Since I see she isn't going to put one up I will.

Congratulations to Alex and Kai for an awesome BH performance this past weekend at Empire Working dog club. 

You two trained a ton and even drove to Buffalo a few times. 

It was a really nice picture and it really showed the teamwork between the 2 of you. You won't have any problems with IPO 1 next year.


----------



## 1sttimeforgsd (Jul 29, 2010)

Congratulations Alex and Kai! :congratulations:


----------



## GSDElsa (Jul 22, 2009)

Hehehe...you are evil trish 

Yes you guys looked amazing alex!


----------



## wolfstraum (May 2, 2003)

Congratulations!!!

Lee


----------



## GatorDog (Aug 17, 2011)

Congrats!!!


Sent from my iPhone using PG Free


----------



## Caja's Mom (Aug 6, 2003)

Well, someone had to do it. Not much else to do on a "snow" day off from work...


----------



## elisabeth_00117 (May 17, 2009)

Congrats!


----------



## abakerrr (Aug 8, 2008)

Thanks guys!! I just love this little dog. On to our FR Brevet and IPO1 next year. :wub:

Snapped these shots of her on Saturday after the trial while on our BH-celebration geocash.


----------



## carmspack (Feb 2, 2011)

congratulations --- awesome looking dog - (I am a sucker for those bi-colours) just loved French ring -- really miss it , wish I had a club close by -- so who is that dog - (pedigree) -- congrats again
Carmen


----------



## GSDElsa (Jul 22, 2009)

I'll try to get you pictures eventually. My computer is seriously on the fritz and I have no idea what to do...when I go to "computer" to look at my drives (ie flash drive with CF card attached....plus C drive and D drive and everything else!) it is just BLANK. Started late Sunday and hasn't changed yesterday or today :-/


----------



## abakerrr (Aug 8, 2008)

Justine - Take your time, no rush. It'll be fun to see how all the trial pics turned out, despite the what i'm sure was bad lighting. 

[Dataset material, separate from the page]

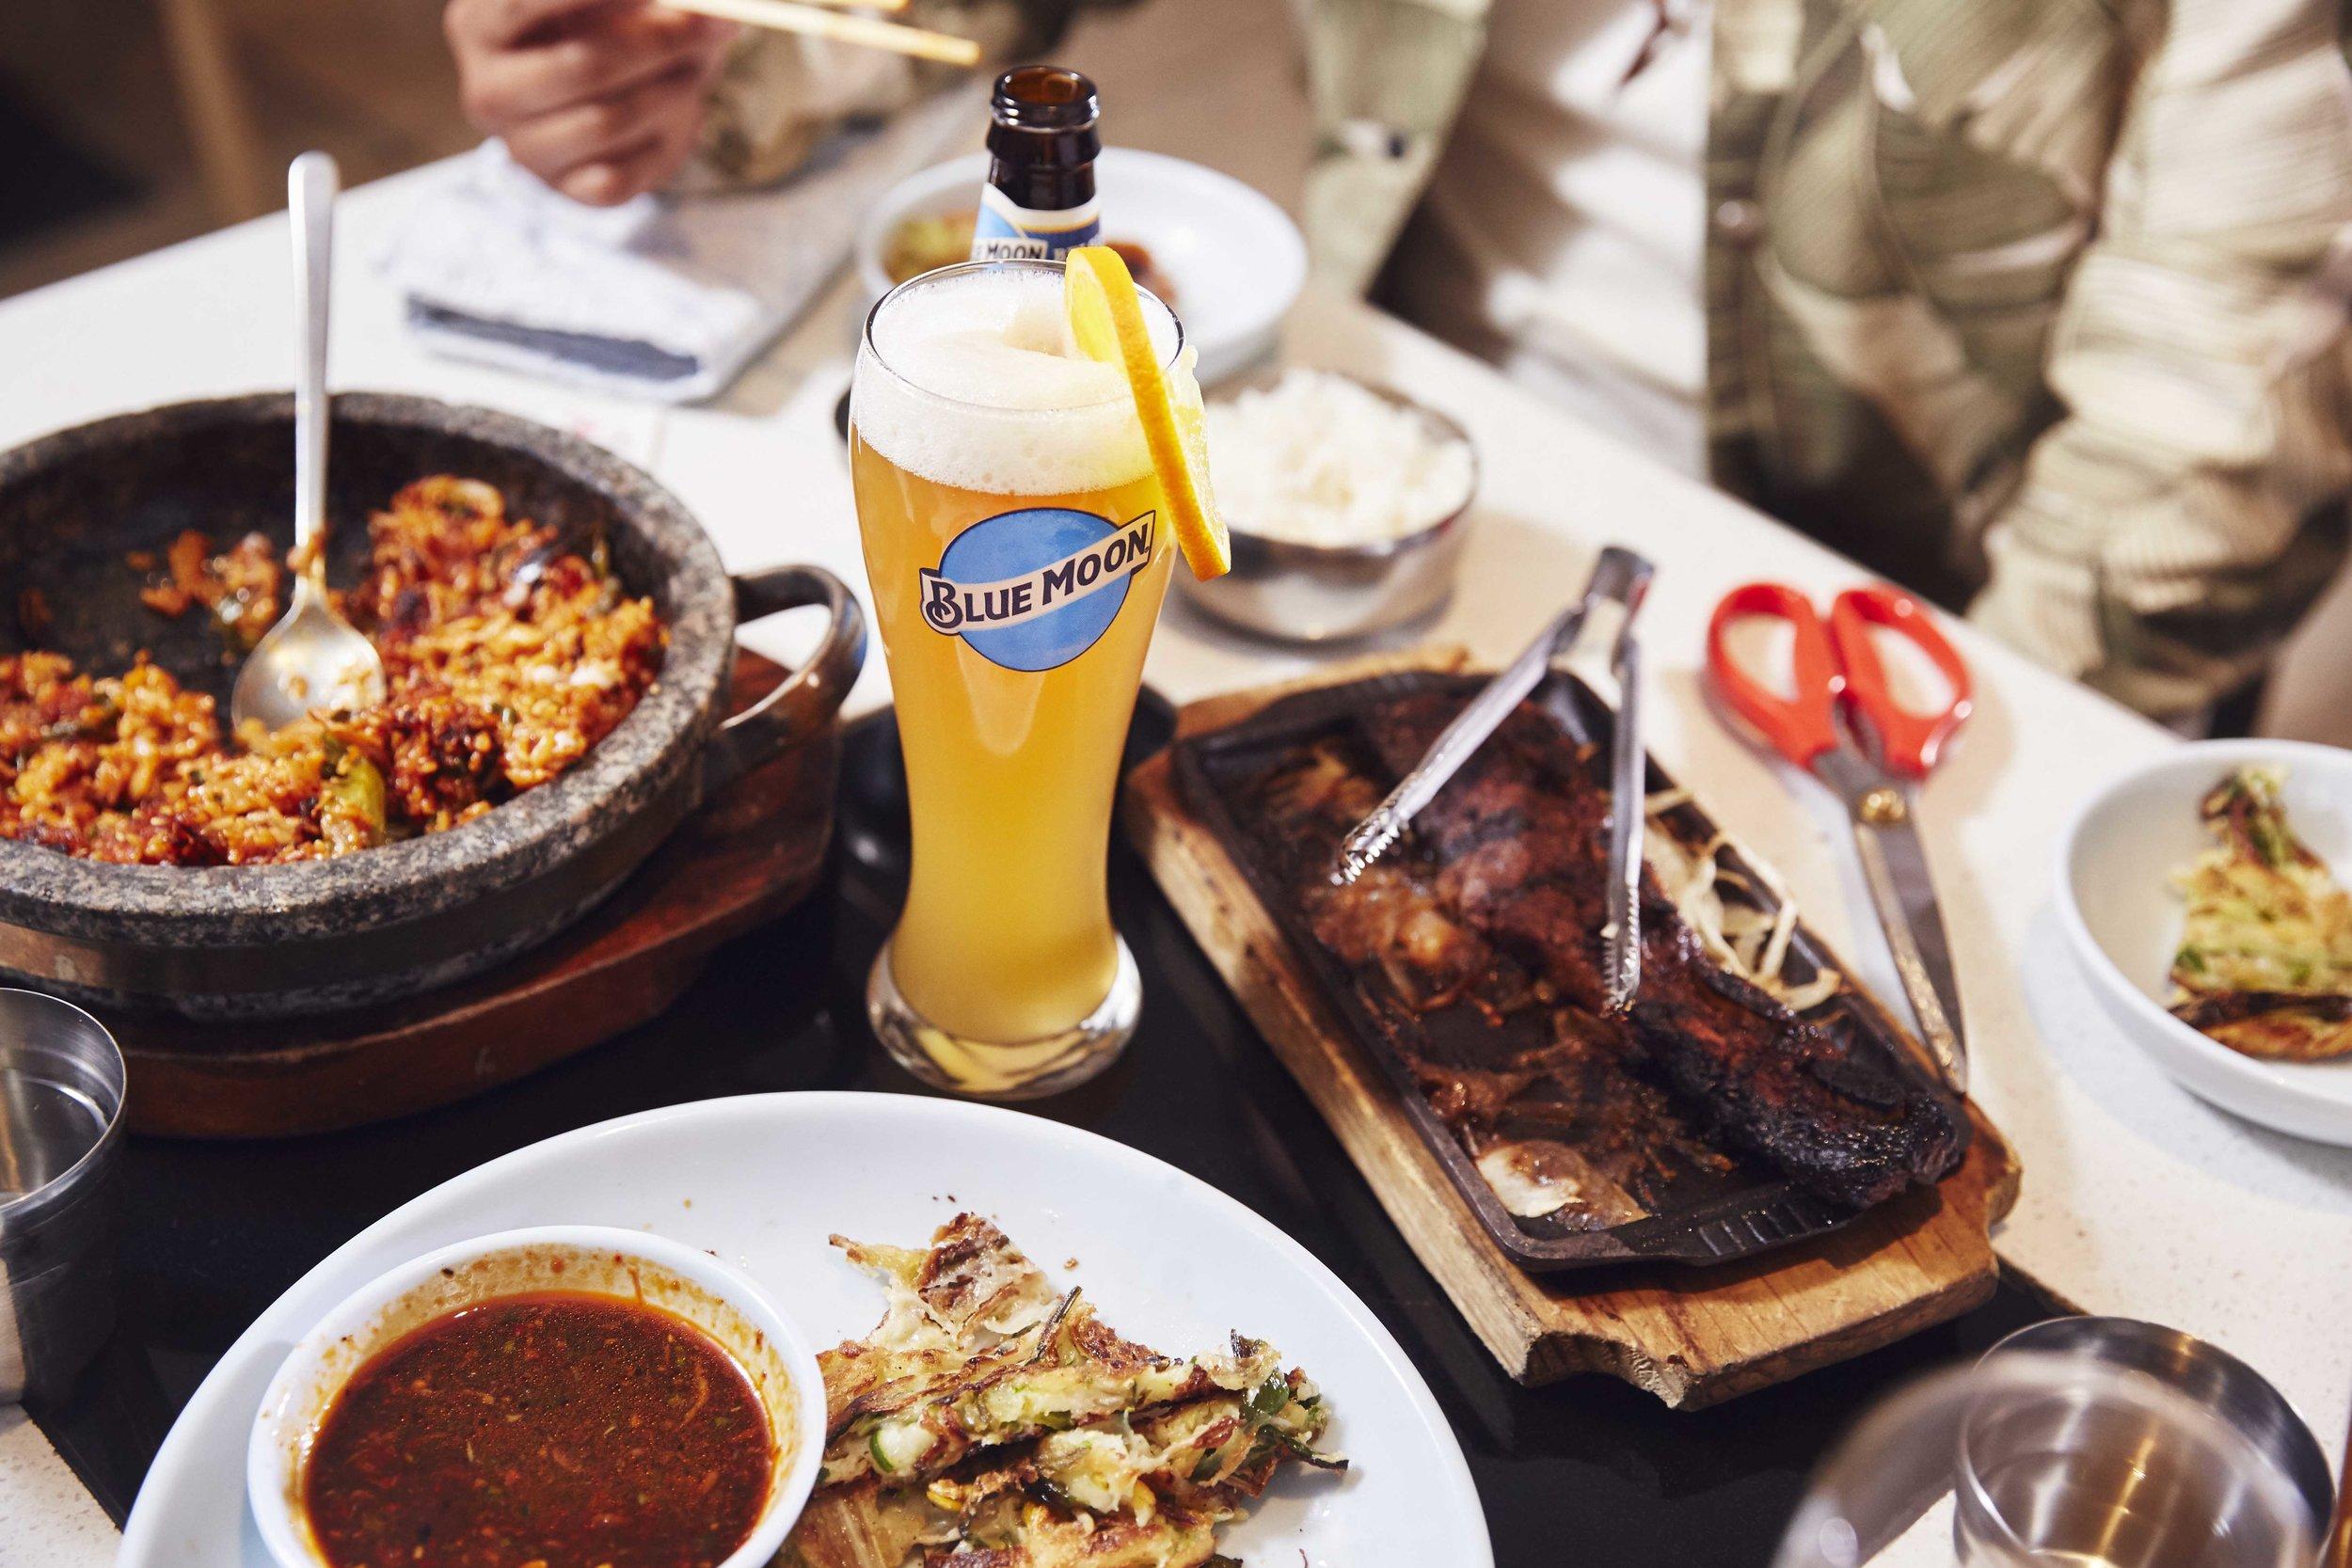 bluemoon-restaurant-5641.jpg
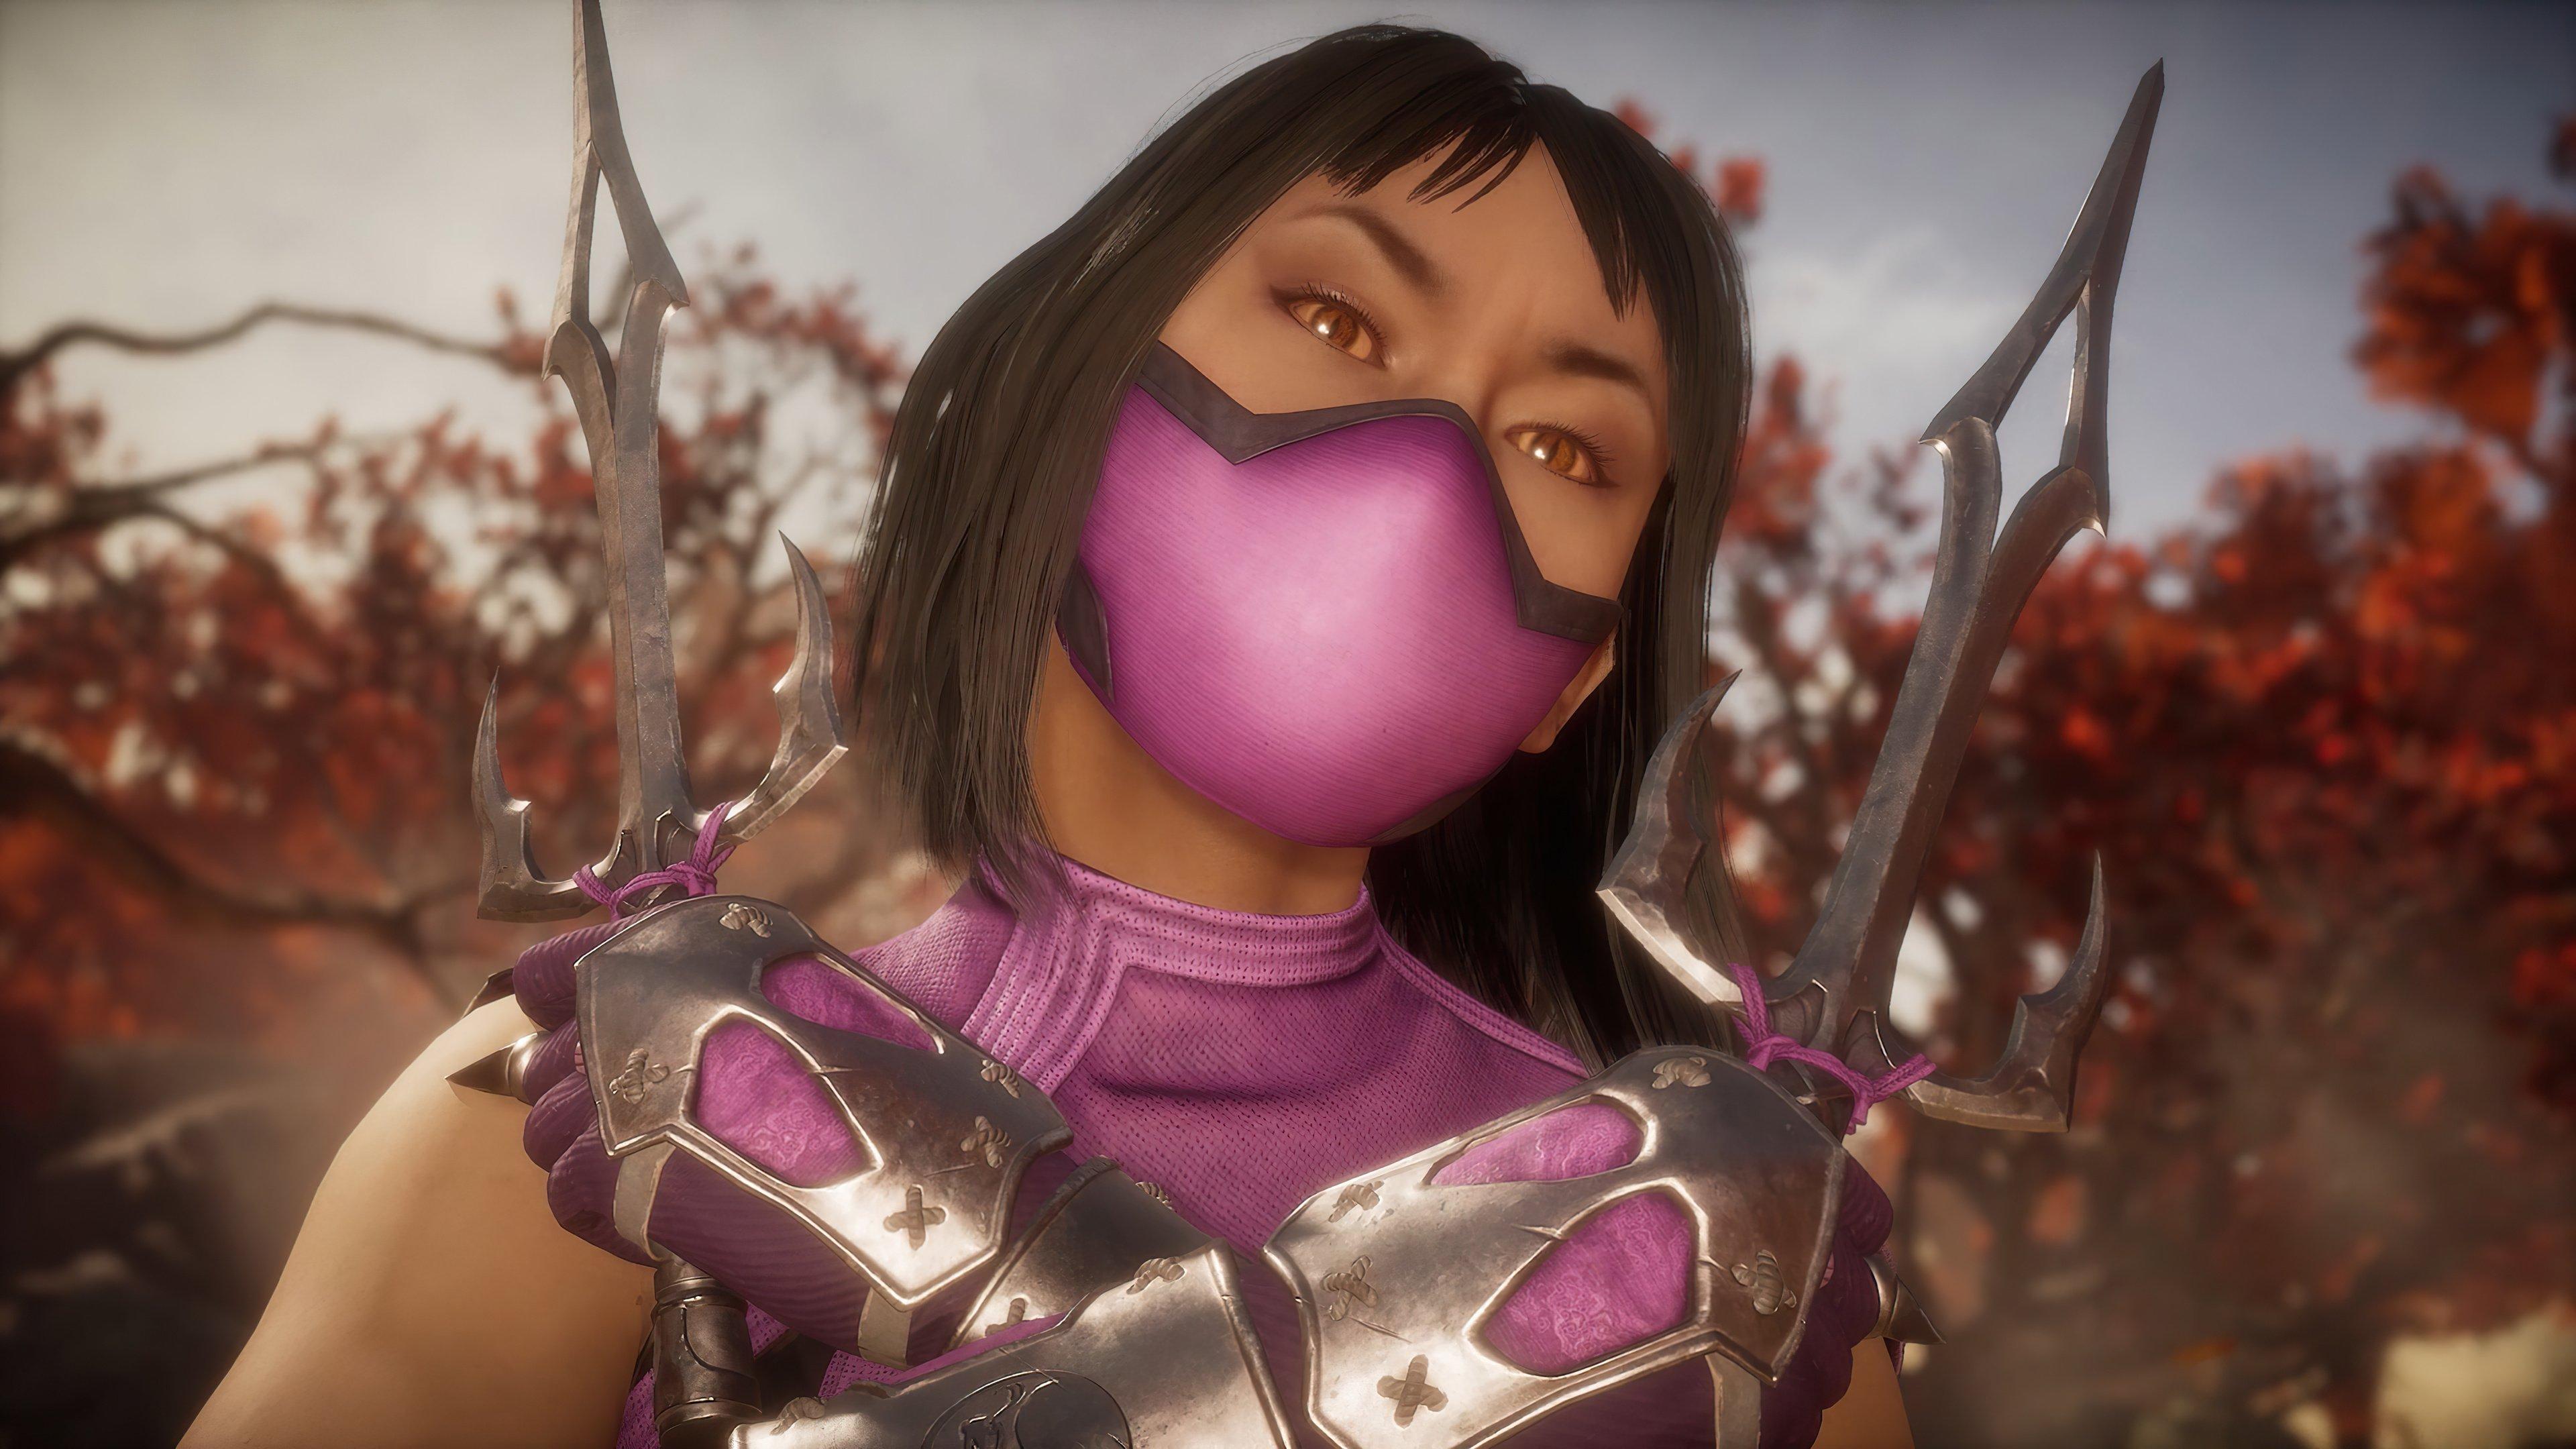 Fondos de pantalla Mileena de Mortal Kombat

Carmen - Thanks! Most of her foundation has been built up in schutzhund but she really seems to excel with the ringsport exercises. Trials and people to train with are definitely much harder to come by in french ring, but shes such a versatile dog that both sports seem equally enjoyable. Pedigree: Eden Vom Hayes Haus


----------



## Caja's Mom (Aug 6, 2003)

Maybe Panther needs to try out the bite suit.


----------



## abakerrr (Aug 8, 2008)

Caja's Mom said:


> Maybe Panther needs to try out the bite suit.


Your always welcome to come out and train!


----------